Researching and building rituals
We need to consider both of these elements in turn when helping to build new rituals. The first is quite tactical and to do with the micro considerations relating to the routines: what are the occasions that are not being occupied and what needs to happen in order to occupy them? This is fairly familiar research territory and we use our behaviour change framework MAPPS to understand what the barriers are to new ‘consumption moments’ being occupied.
The second element has to do with meaning. As people start doing the behaviour they bring with it meanings or identities (to use our MAPPS framing) from their wider context. For example, someone who is eating plant-based meat substitutes for the first time may simply see themselves as a ‘Meat Eater’ who is lowering their meat consumption. The behaviour is seen with a meaning of deprivation or substitution. Over time that meaning may evolve so that the behaviour takes on a new meaning; for example, they may start to see it as a wider identity of being a ‘Flexitarian’.
The research needed here is an exploration of these social identities, seeing where new identities are created to rethink these behaviours (e.g. such as being a flexitarian) or the behaviours become part of other pre-existing behaviours (e.g. being a good citizen).
Tackling a behaviour change challenge through a rituals approach typically requires a granular understanding of the context in which current behaviour is taking place: ethnography and other qualitative techniques are helpful here. But survey work is also helpful to assess the scale of the opportunities identified by new consumption moments. Semiotics and qualitative research can be used to explore ways to develop social identities relating to the behaviour.

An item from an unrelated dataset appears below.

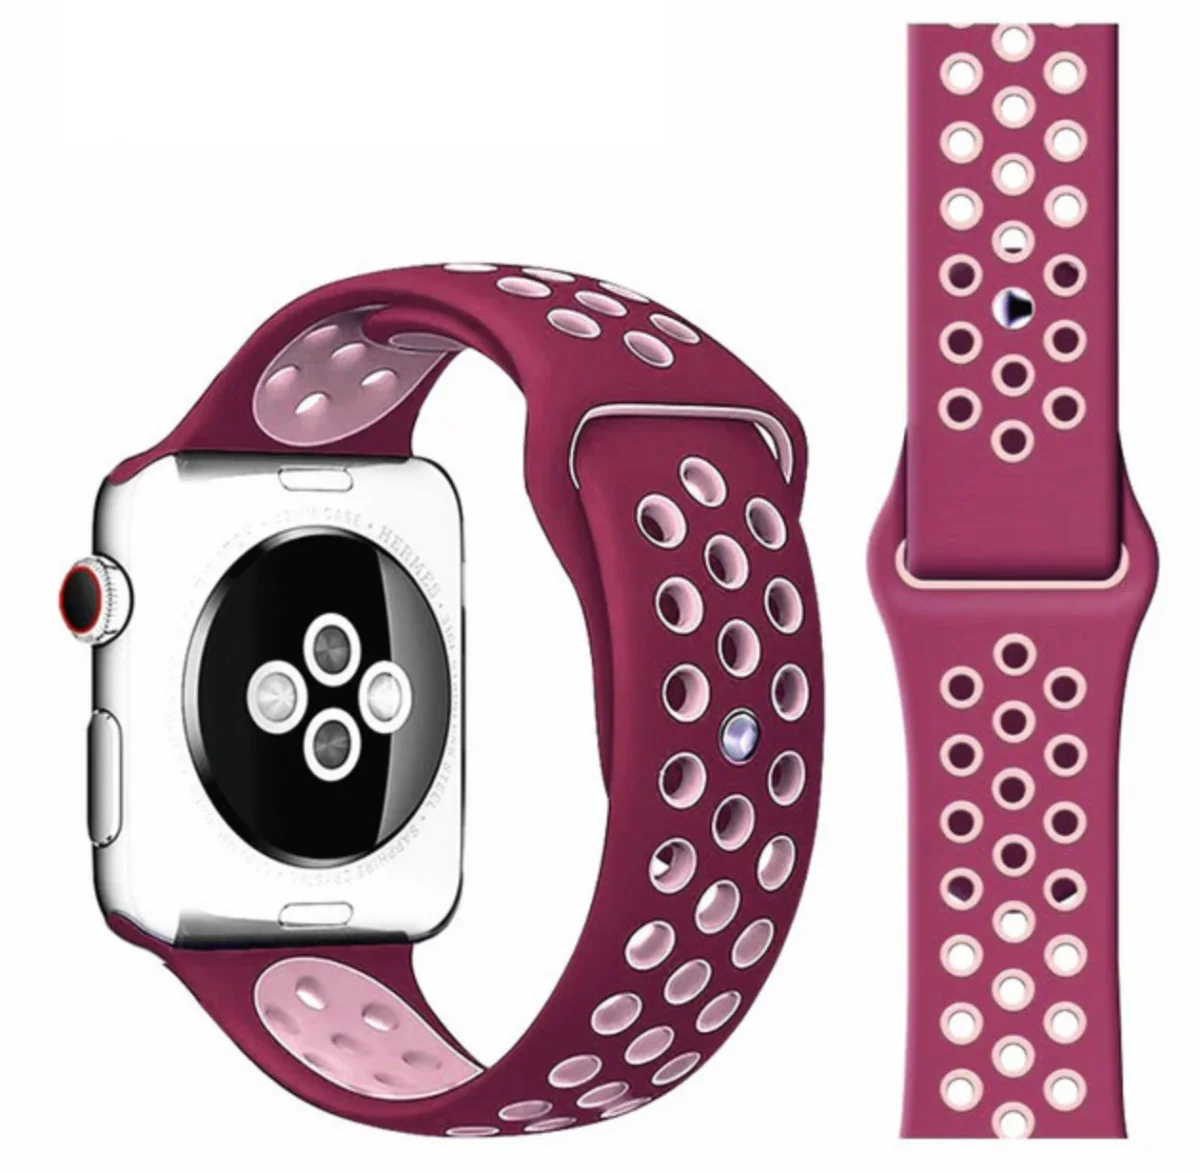 Řemínek iMore SPORT pro Apple Watch Series 4/5/6/SE (40mm) - Vínový/Růžový

There is a process-based interplay between the two elements of ritual (behaviours and meaning): new rituals can be built by developing the usage contexts and the meanings hand-in-hand, carefully understanding how they interact with each-other so they work together.
Final thoughts
Our practice has been to take this work on rituals and apply it to a range of client challenges across the public and private sector. Our experience is that unpicking ritual into its component parts gives a highly actionable solution to a range of challenges to build sustainable behaviours.